_Exercise_
What is needed is an exact copy of every record below.

(Data for processing Opens)

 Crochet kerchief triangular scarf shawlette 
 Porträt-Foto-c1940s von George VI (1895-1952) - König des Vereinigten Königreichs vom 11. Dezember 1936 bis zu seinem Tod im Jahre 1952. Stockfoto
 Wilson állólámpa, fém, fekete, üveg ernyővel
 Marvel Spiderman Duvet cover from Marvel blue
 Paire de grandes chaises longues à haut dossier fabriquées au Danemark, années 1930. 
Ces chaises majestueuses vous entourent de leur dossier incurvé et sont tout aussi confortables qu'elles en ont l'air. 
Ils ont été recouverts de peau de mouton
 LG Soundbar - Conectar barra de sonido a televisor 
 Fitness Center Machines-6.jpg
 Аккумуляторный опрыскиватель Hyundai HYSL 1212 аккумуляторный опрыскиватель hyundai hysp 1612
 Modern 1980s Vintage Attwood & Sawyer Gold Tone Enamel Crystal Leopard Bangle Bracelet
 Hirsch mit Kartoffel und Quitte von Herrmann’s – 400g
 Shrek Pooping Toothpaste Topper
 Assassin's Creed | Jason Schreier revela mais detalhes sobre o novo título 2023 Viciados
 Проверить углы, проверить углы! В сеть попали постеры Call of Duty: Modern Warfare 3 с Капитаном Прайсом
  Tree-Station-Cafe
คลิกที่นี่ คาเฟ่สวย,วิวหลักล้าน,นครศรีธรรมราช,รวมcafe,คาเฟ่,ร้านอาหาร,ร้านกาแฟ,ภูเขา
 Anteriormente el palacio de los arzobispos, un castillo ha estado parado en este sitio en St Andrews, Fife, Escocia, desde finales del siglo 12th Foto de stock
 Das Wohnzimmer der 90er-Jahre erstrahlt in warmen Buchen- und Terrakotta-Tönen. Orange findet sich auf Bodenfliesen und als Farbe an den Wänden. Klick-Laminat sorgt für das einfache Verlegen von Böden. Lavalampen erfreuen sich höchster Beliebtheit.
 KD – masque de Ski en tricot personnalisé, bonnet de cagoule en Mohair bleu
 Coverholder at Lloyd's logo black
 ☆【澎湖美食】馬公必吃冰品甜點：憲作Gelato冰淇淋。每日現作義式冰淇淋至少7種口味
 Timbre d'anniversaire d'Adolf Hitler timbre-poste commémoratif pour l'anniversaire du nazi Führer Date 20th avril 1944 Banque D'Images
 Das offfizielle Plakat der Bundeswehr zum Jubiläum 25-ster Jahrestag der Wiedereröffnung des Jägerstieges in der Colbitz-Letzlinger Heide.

(Data for processing Closes)

_Reply_
 Crochet kerchief triangular scarf shawlette 
 Porträt-Foto-c1940s von George VI (1895-1952) - König des Vereinigten Königreichs vom 11. Dezember 1936 bis zu seinem Tod im Jahre 1952. Stockfoto
 Wilson állólámpa, fém, fekete, üveg ernyővel
 Marvel Spiderman Duvet cover from Marvel blue
 Paire de grandes chaises longues à haut dossier fabriquées au Danemark, années 1930. 
Ces chaises majestueuses vous entourent de leur dossier incurvé et sont tout aussi confortables qu'elles en ont l'air. 
Ils ont été recouverts de peau de mouton
 LG Soundbar - Conectar barra de sonido a televisor 
 Fitness Center Machines-6.jpg
 Аккумуляторный опрыскиватель Hyundai HYSL 1212 аккумуляторный опрыскиватель hyundai hysp 1612
 Modern 1980s Vintage Attwood & Sawyer Gold Tone Enamel Crystal Leopard Bangle Bracelet
 Hirsch mit Kartoffel und Quitte von Herrmann’s – 400g
 Shrek Pooping Toothpaste Topper
 Assassin's Creed | Jason Schreier revela mais detalhes sobre o novo título 2023 Viciados
 Проверить углы, проверить углы! В сеть попали постеры Call of Duty: Modern Warfare 3 с Капитаном Прайсом
  Tree-Station-Cafe
คลิกที่นี่ คาเฟ่สวย,วิวหลักล้าน,นครศรีธรรมราช,รวมcafe,คาเฟ่,ร้านอาหาร,ร้านกาแฟ,ภูเขา
 Anteriormente el palacio de los arzobispos, un castillo ha estado parado en este sitio en St Andrews, Fife, Escocia, desde finales del siglo 12th Foto de stock
 Das Wohnzimmer der 90er-Jahre erstrahlt in warmen Buchen- und Terrakotta-Tönen. Orange findet sich auf Bodenfliesen und als Farbe an den Wänden. Klick-Laminat sorgt für das einfache Verlegen von Böden. Lavalampen erfreuen sich höchster Beliebtheit.
 KD – masque de Ski en tricot personnalisé, bonnet de cagoule en Mohair bleu
 Coverholder at Lloyd's logo black
 ☆【澎湖美食】馬公必吃冰品甜點：憲作Gelato冰淇淋。每日現作義式冰淇淋至少7種口味
 Timbre d'anniversaire d'Adolf Hitler timbre-poste commémoratif pour l'anniversaire du nazi Führer Date 20th avril 1944 Banque D'Images
 Das offfizielle Plakat der Bundeswehr zum Jubiläum 25-ster Jahrestag der Wiedereröffnung des Jägerstieges in der Colbitz-Letzlinger Heide.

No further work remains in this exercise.